Supplied material:
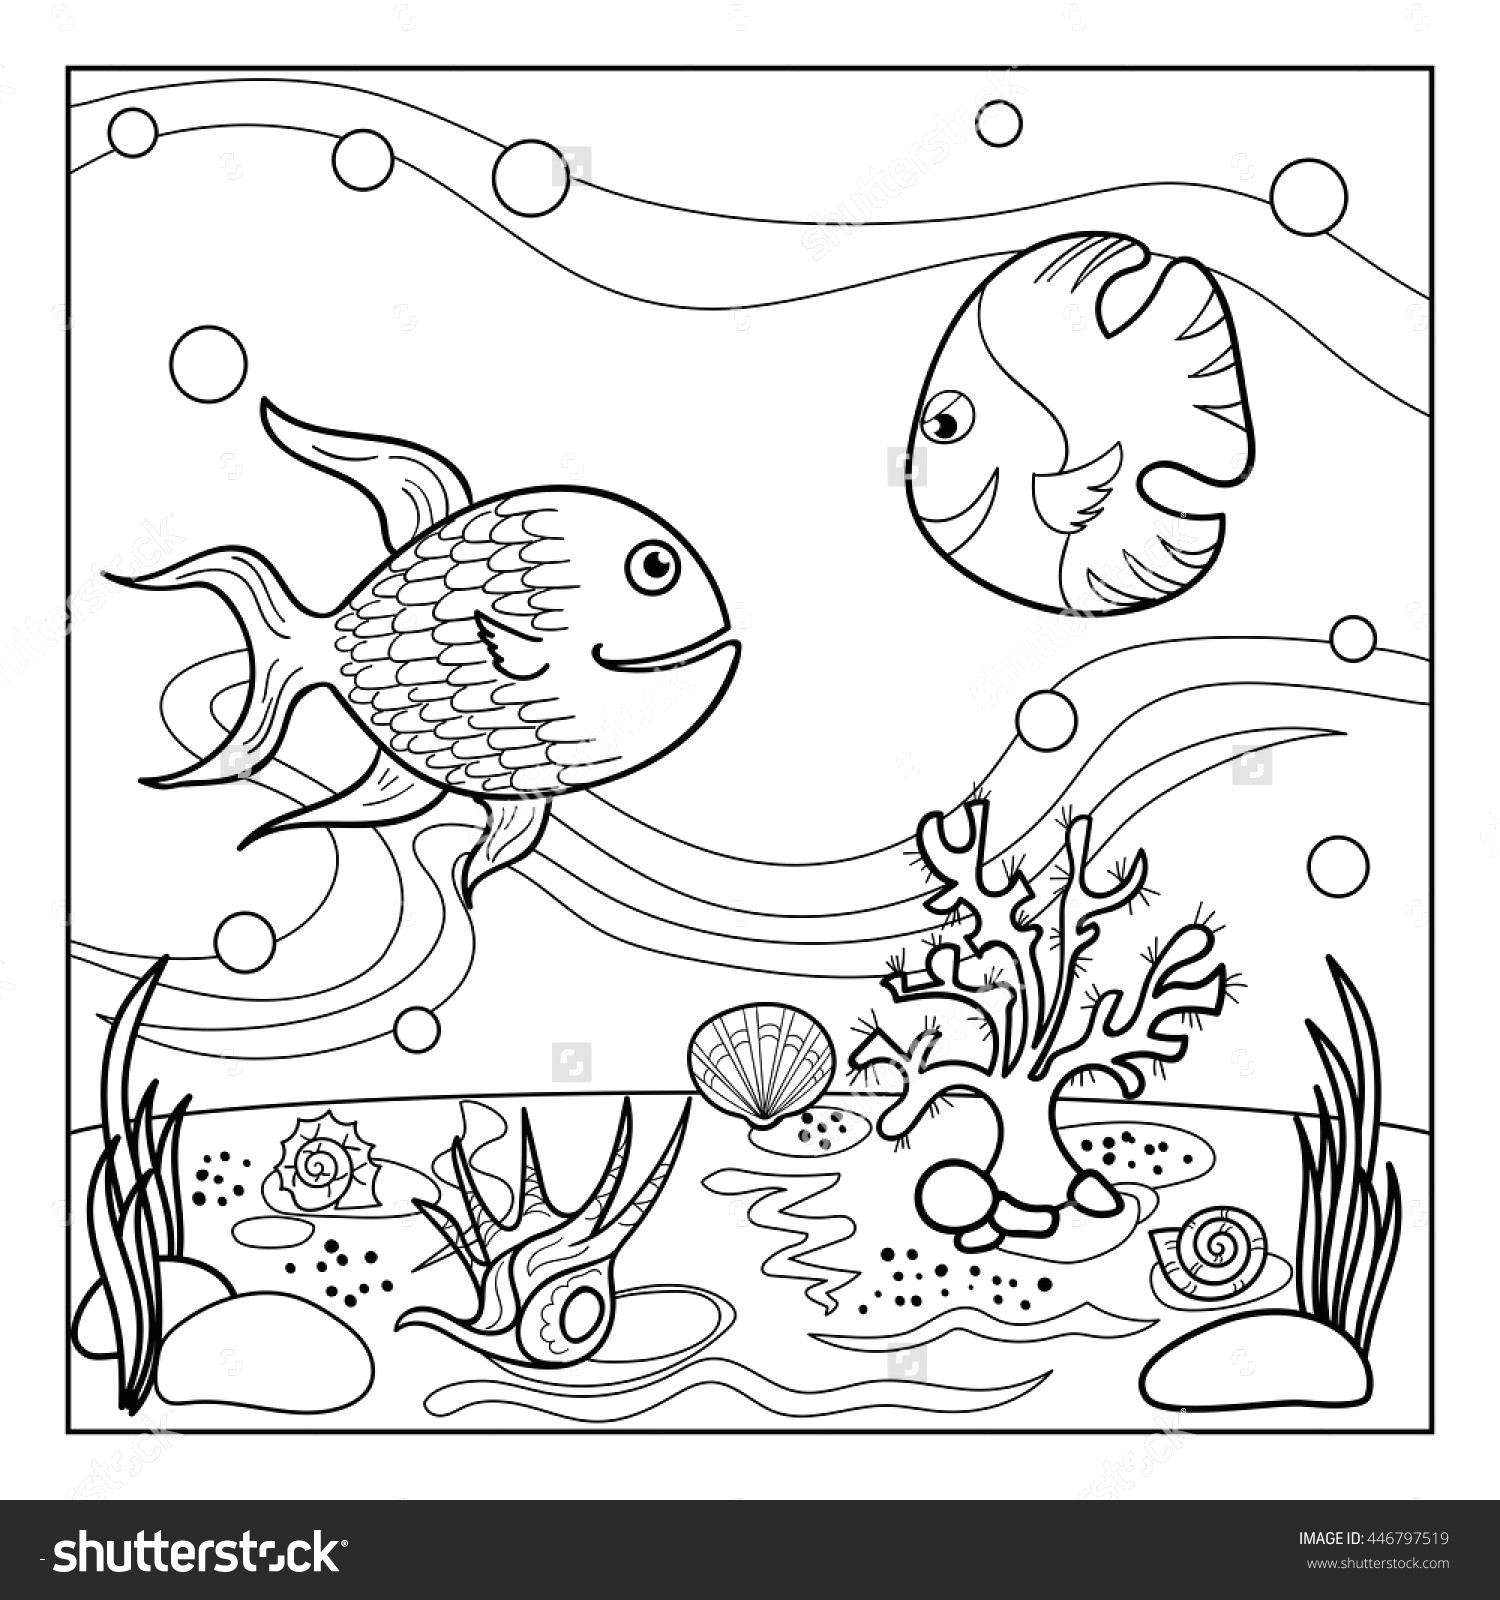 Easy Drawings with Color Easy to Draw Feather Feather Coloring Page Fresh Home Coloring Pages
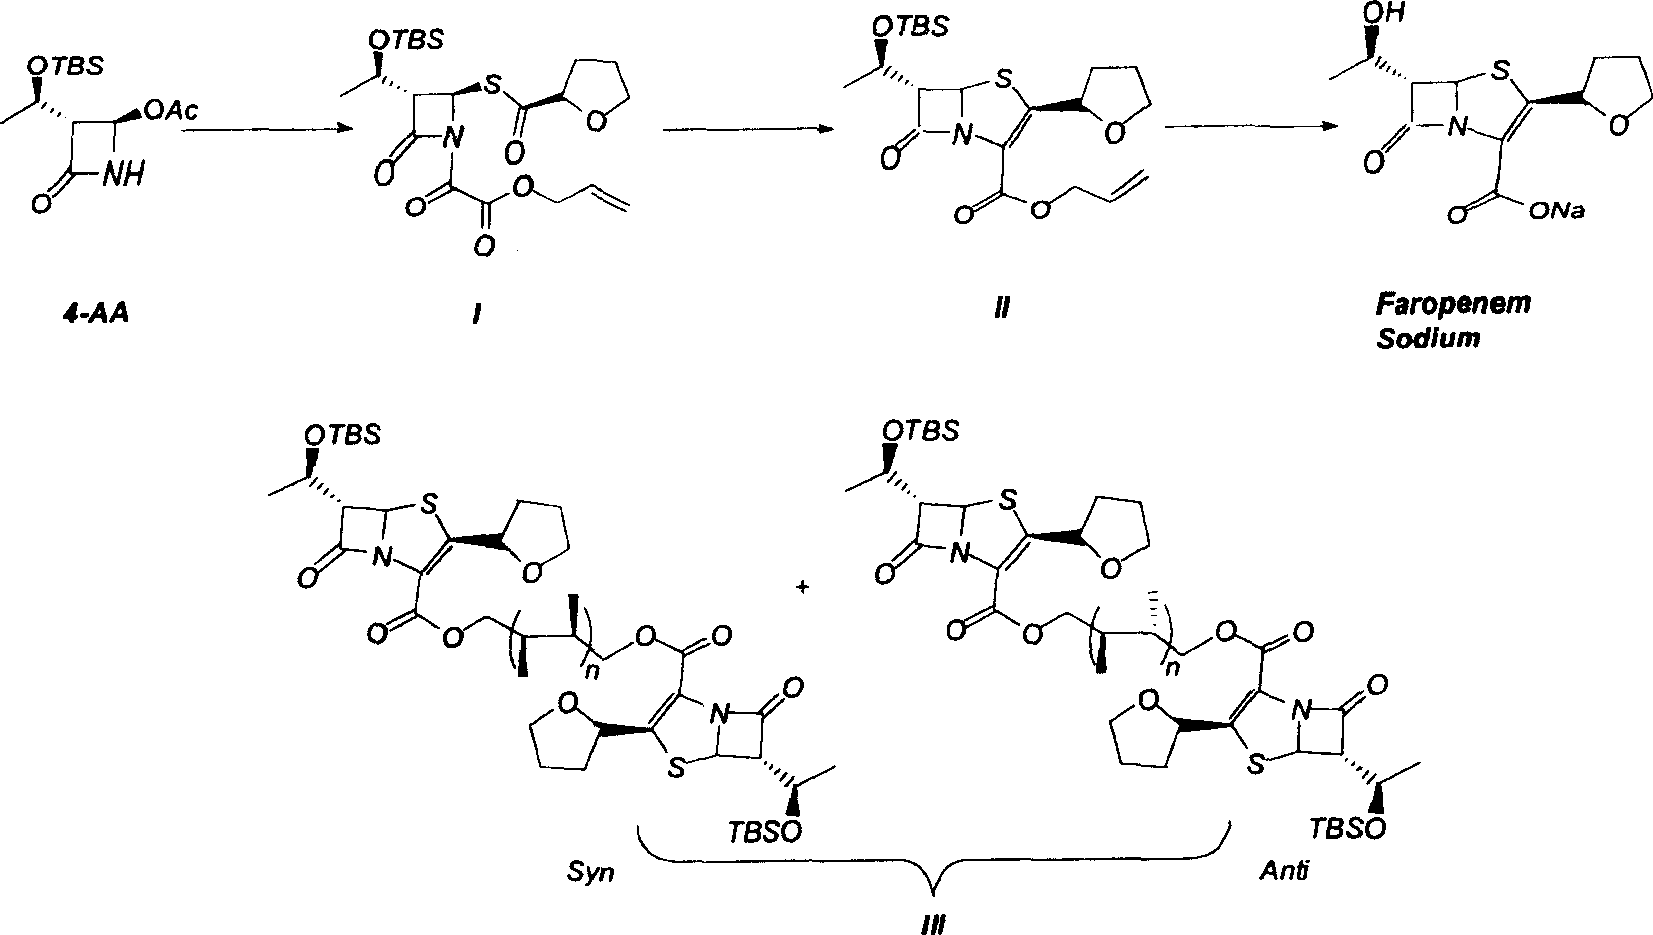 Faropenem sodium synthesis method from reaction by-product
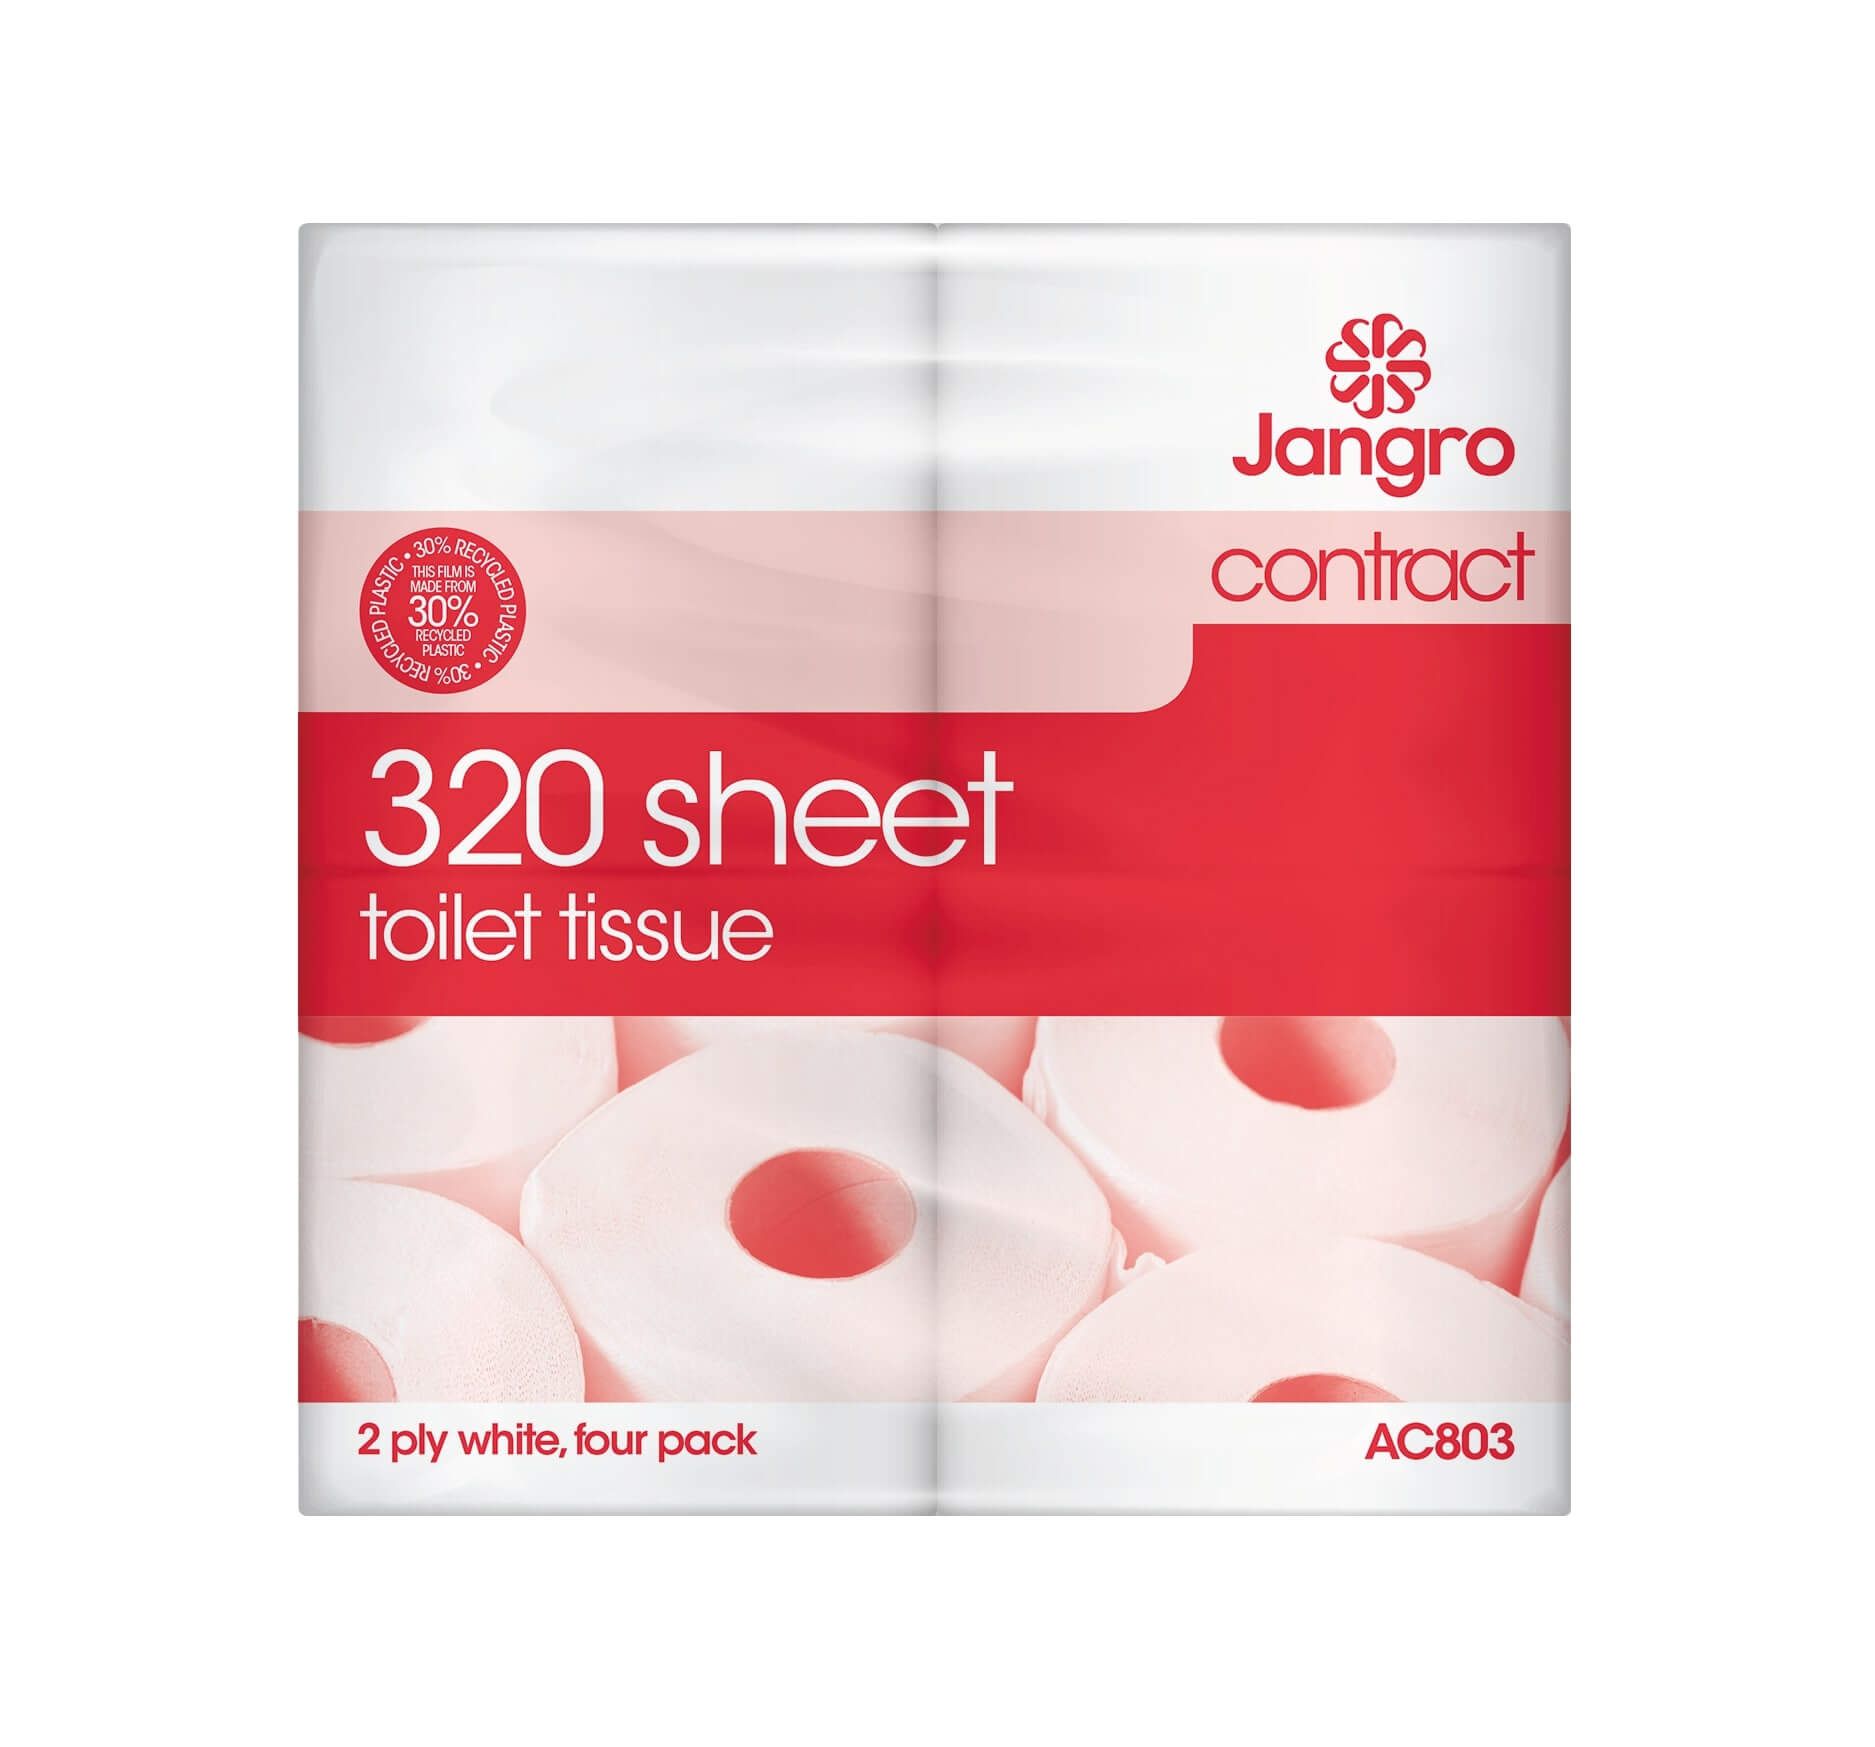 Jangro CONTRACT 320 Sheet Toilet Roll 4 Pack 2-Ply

Work instructions:
Without any pictures, please write out the lines from the one containing "Faropenem sodium synthesis" through the final line of the data, exactly and inclusive of both ends.

Task result:
 Faropenem sodium synthesis method from reaction by-product
 Jangro CONTRACT 320 Sheet Toilet Roll 4 Pack 2-Ply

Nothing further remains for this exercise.